━━━━━ SOURCE DATA ━━━━━

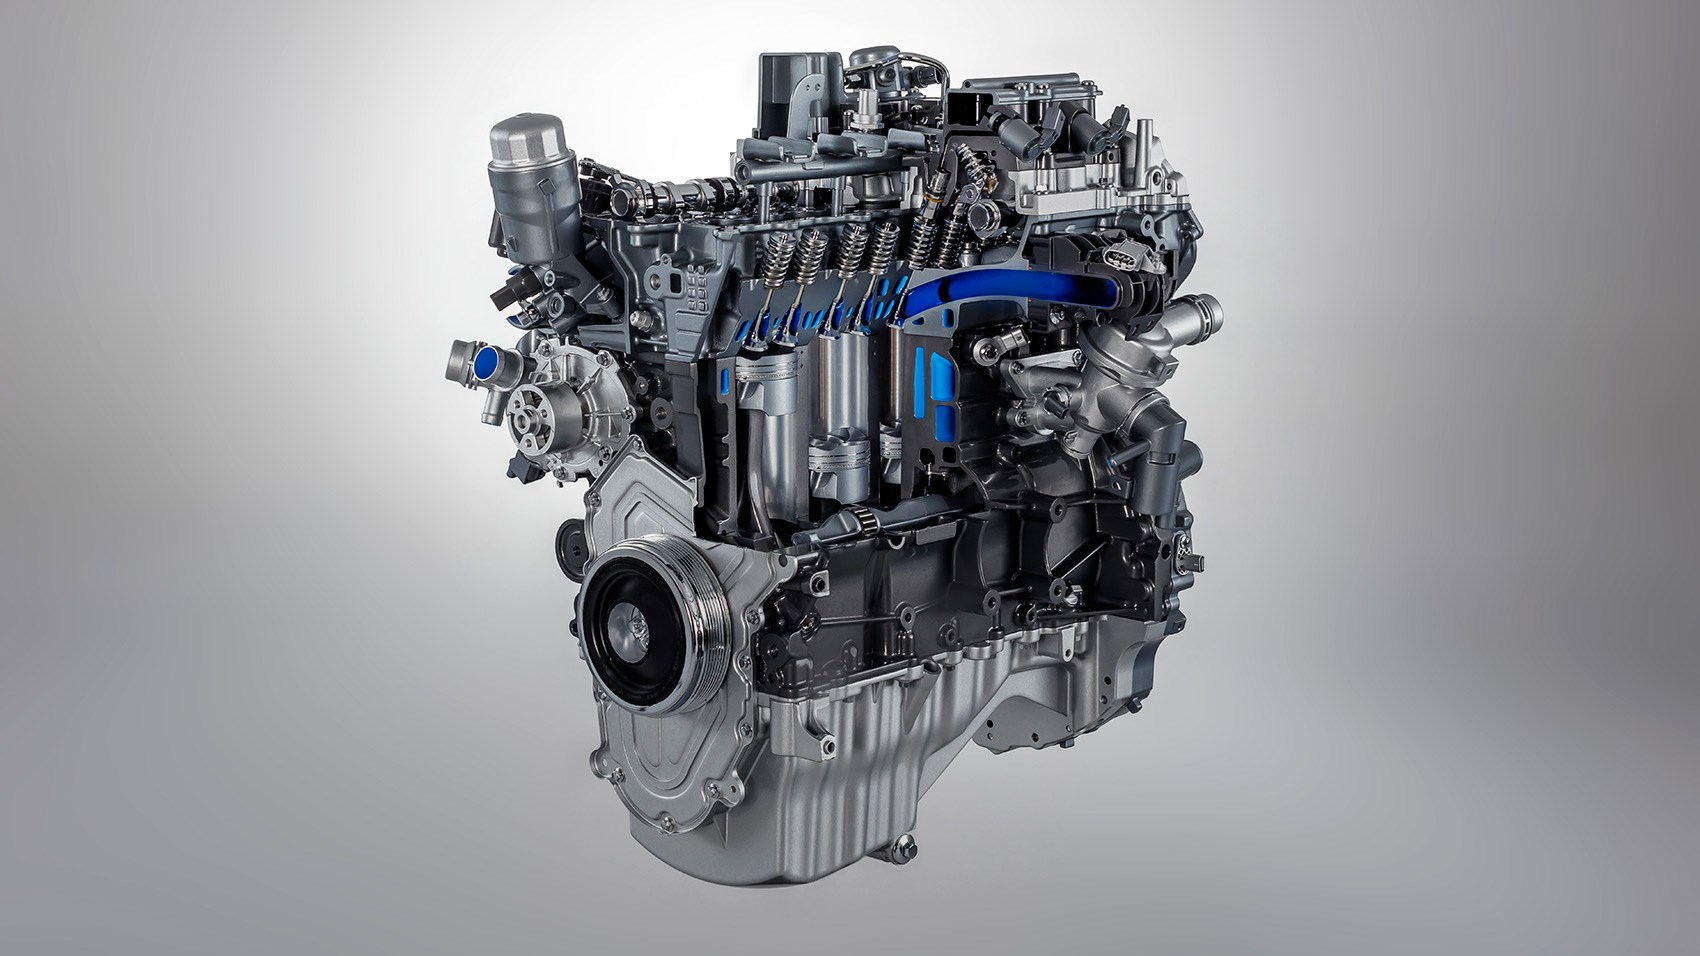 4 cylinder engine: the Ingenium motor powering the Jaguar F-type
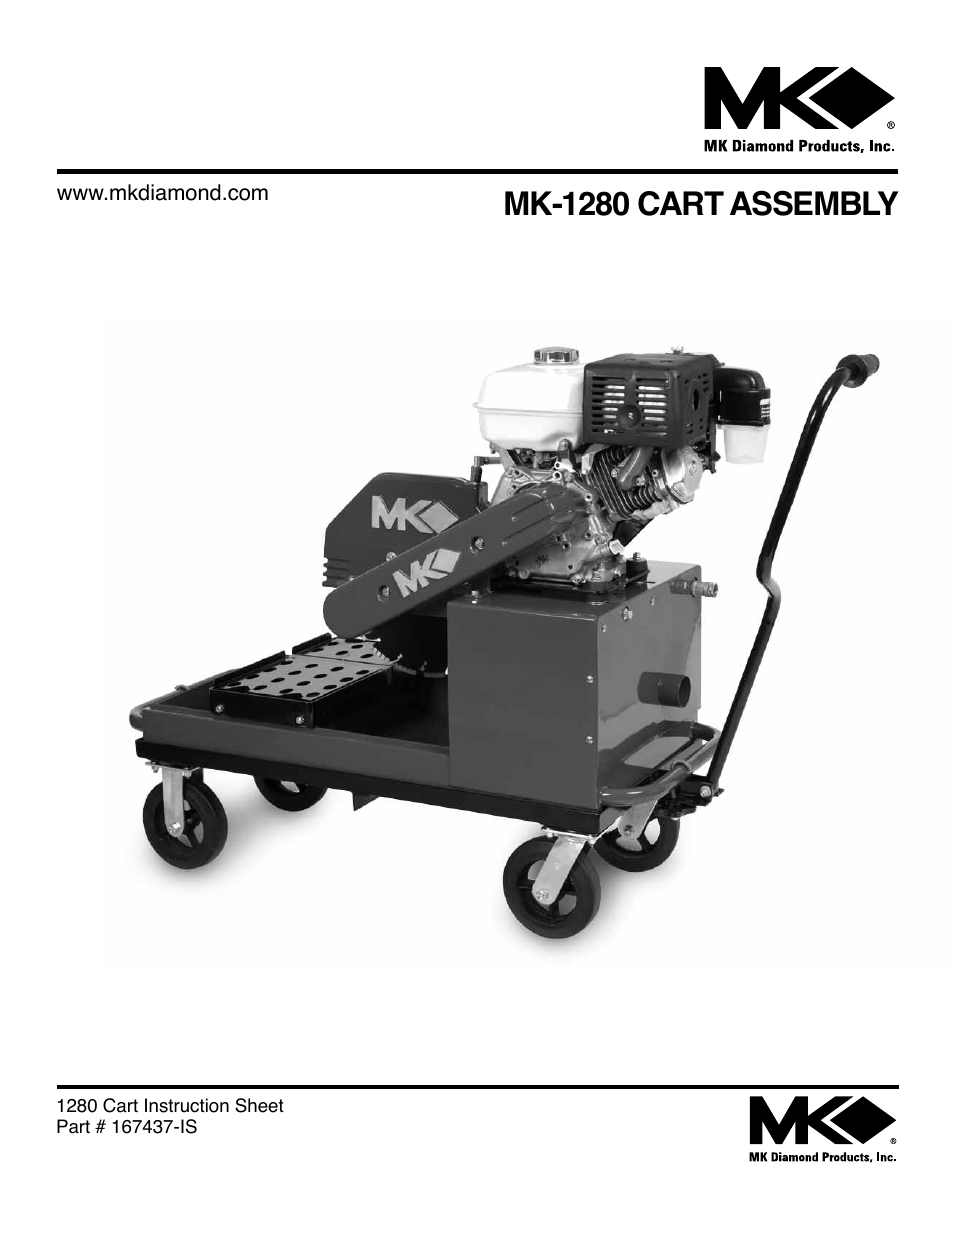 MK-1280 Rolling Cart
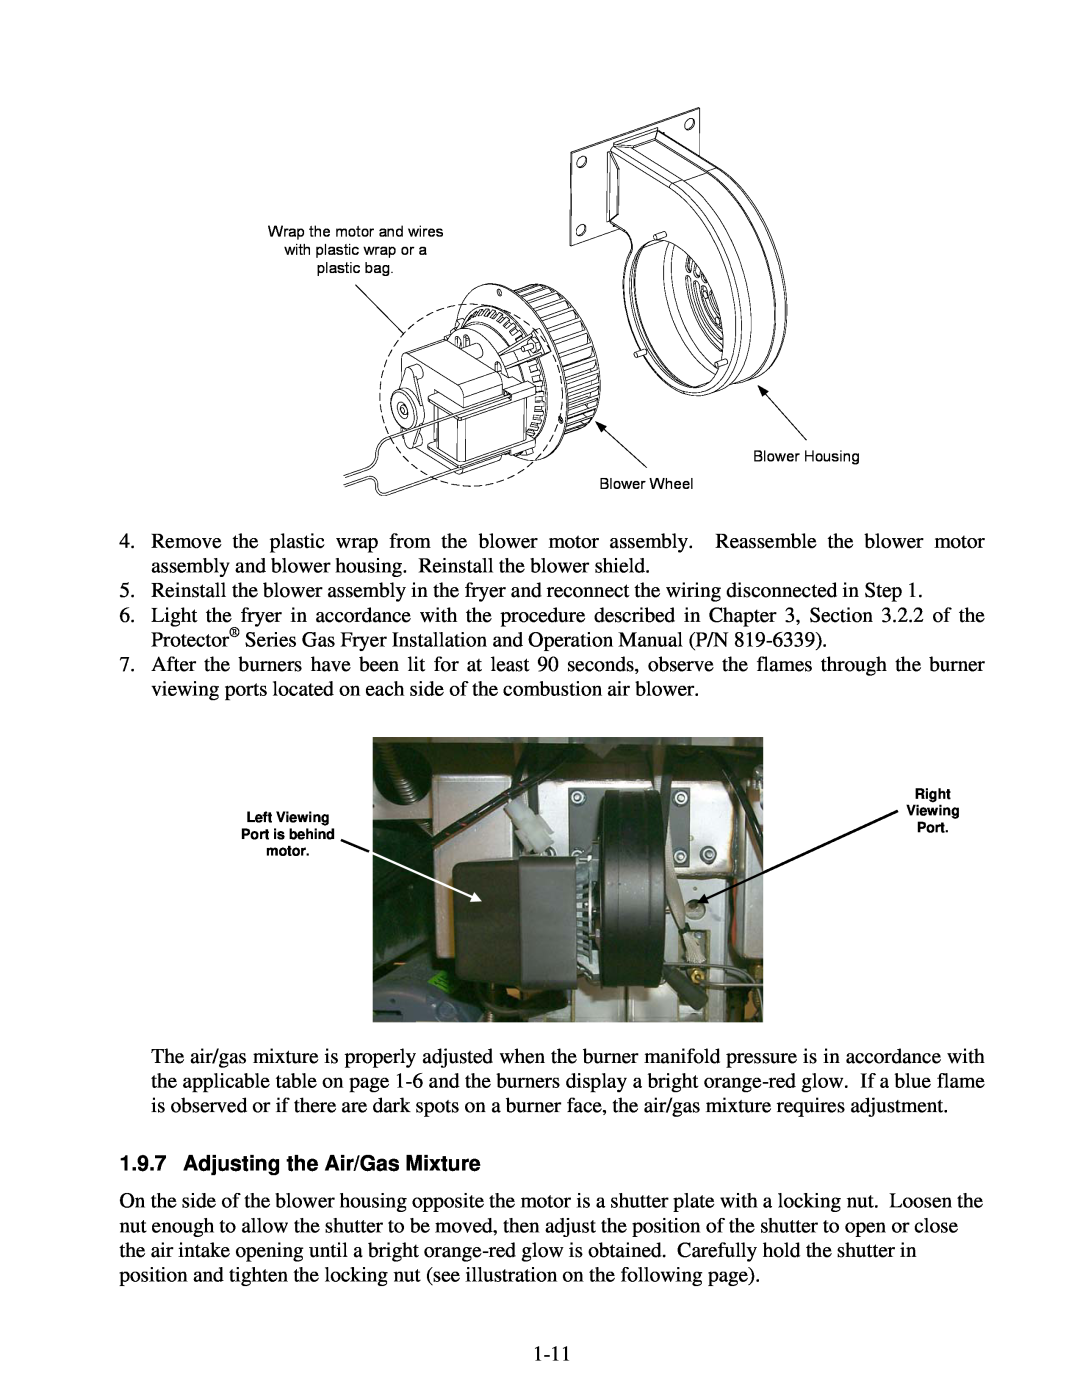 Frymaster 8196345 manual Adjusting the Air/Gas Mixture

━━━━━

* [EXERCISE DETAILS]
All of the data, minus its pictures, should be repeated exactly.

* [TASK RESPONSE]
 4 cylinder engine: the Ingenium motor powering the Jaguar F-type
 MK-1280 Rolling Cart
 Frymaster 8196345 manual Adjusting the Air/Gas Mixture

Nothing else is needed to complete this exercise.